A rapariga que estava à porta era pequena, não medindo mais que metro e meio. O cabelo, ruivo e liso, estava preso no topo com alfinetes e ganchos, num estilo algo complicado, mas muito feminino. Era de uma beleza pós-coital, com as maças do rosto vermelhas com algumas sardas e uns lábios de expressão amarga e doce, o lábio de baixo relativamente recuado relativamente ao de cima e os olhos brilhantes e cor de chocolate, emoldurados por pestanas maquilhadas e sobrancelhas discretas, mas vivas. Deveria usar musselinas de ninfa e sandálias de couro entrelaçado, mas, em vez disso, usava um vestido de flanela muito macia, com pele na gola, igualmente sedutor, e uma saia curta que se tornaria demasiado óbvia numa mulher mais alta. A ponta do nariz estava deliciosamente cor-de-rosa.
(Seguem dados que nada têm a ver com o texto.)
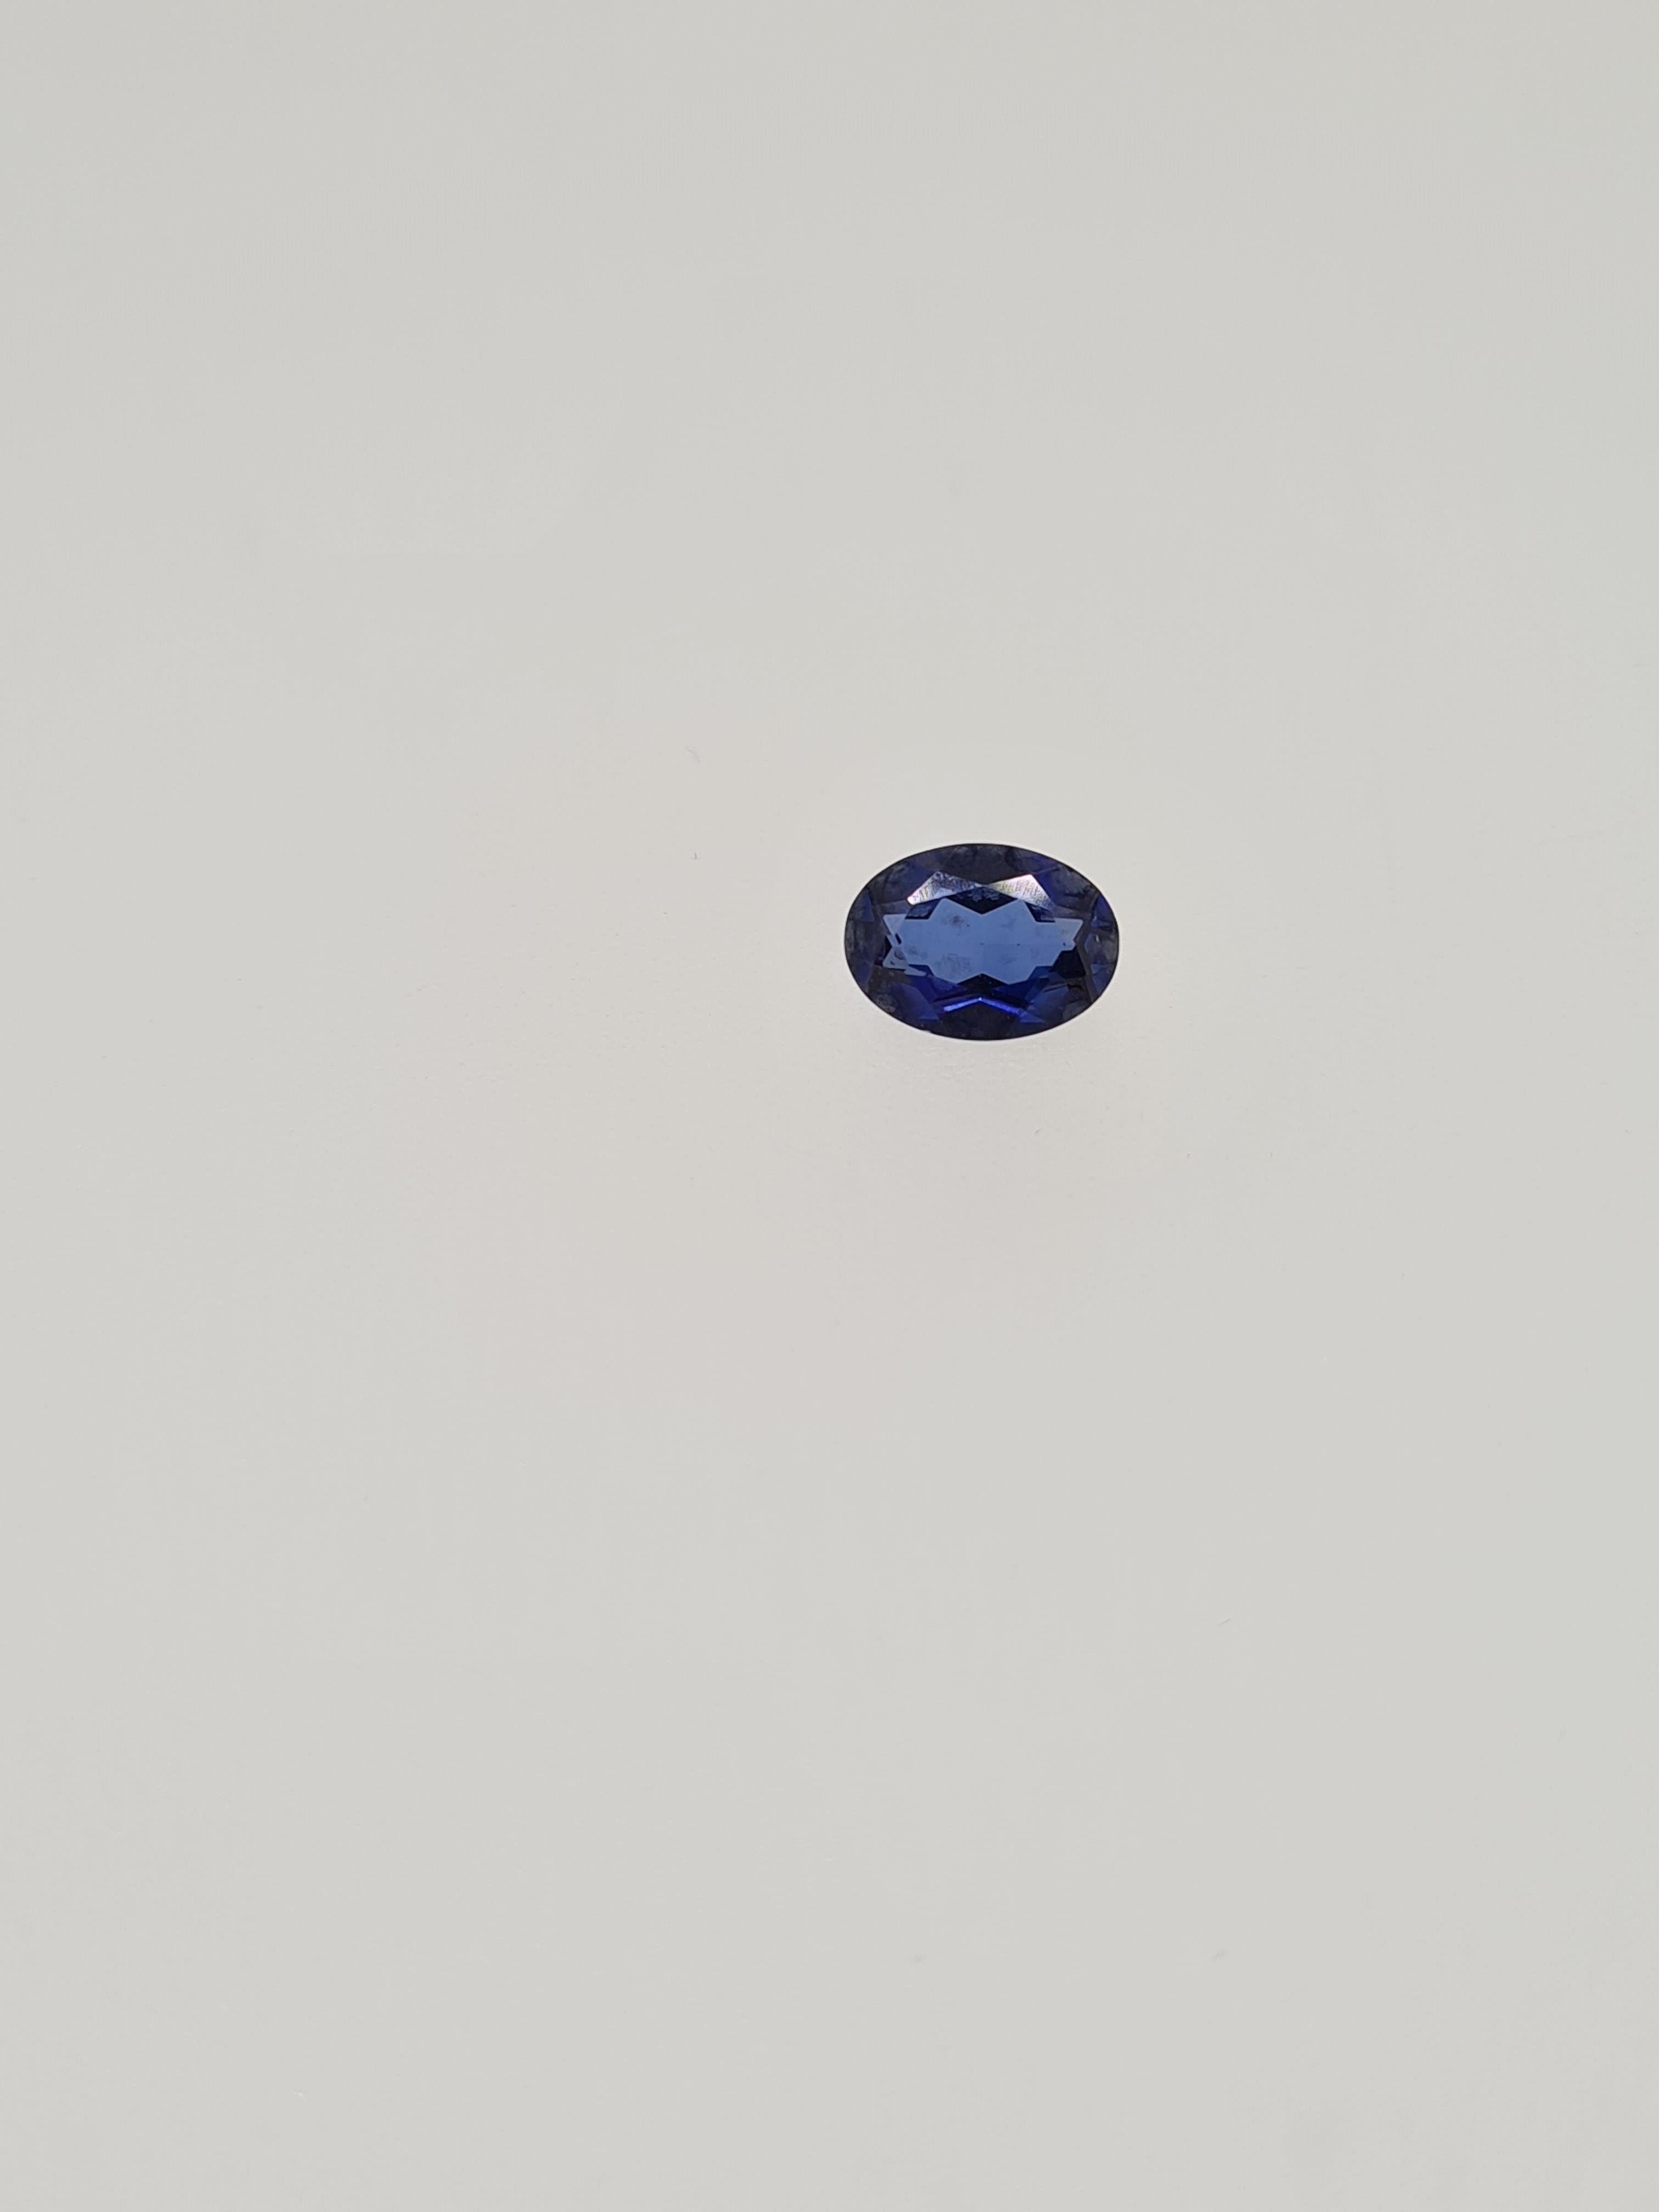 Sapphire oval cut gem stone - Image 4 of 5

Harry deixou Gina passar-lhe à frente, observando-a à medida que ela olhava em redor, examinando os quadros nas paredes espreitando através de portas entreabertas e dando palmadinhas na mobília. Era definitivamente gira.
Gina voltou-se para Harry.
- A casa é encantadora, verdadeiramente encantadora. – Sorriu abertamente e voltou-se repentinamente para a parede, colocando as mãos sobre o aquecedor e deixando escapar um suspiro de alívio.
- Desculpa – disse, a rir-se -, tenho as mãos geladas como blocos de gelo sente-as. – Cerrou as mãos em pequenos punhos e encostou-as à cara de Harry. – está tanto frio lá fora! – Harry estremeceu e de repente sentiu-se tímido.
- Vamos para a cozinha? Gostava imenso de tomar uma chávena de chá.
- É do outro lado da sala – indicou Harry, tentando antecipar-se-lhe.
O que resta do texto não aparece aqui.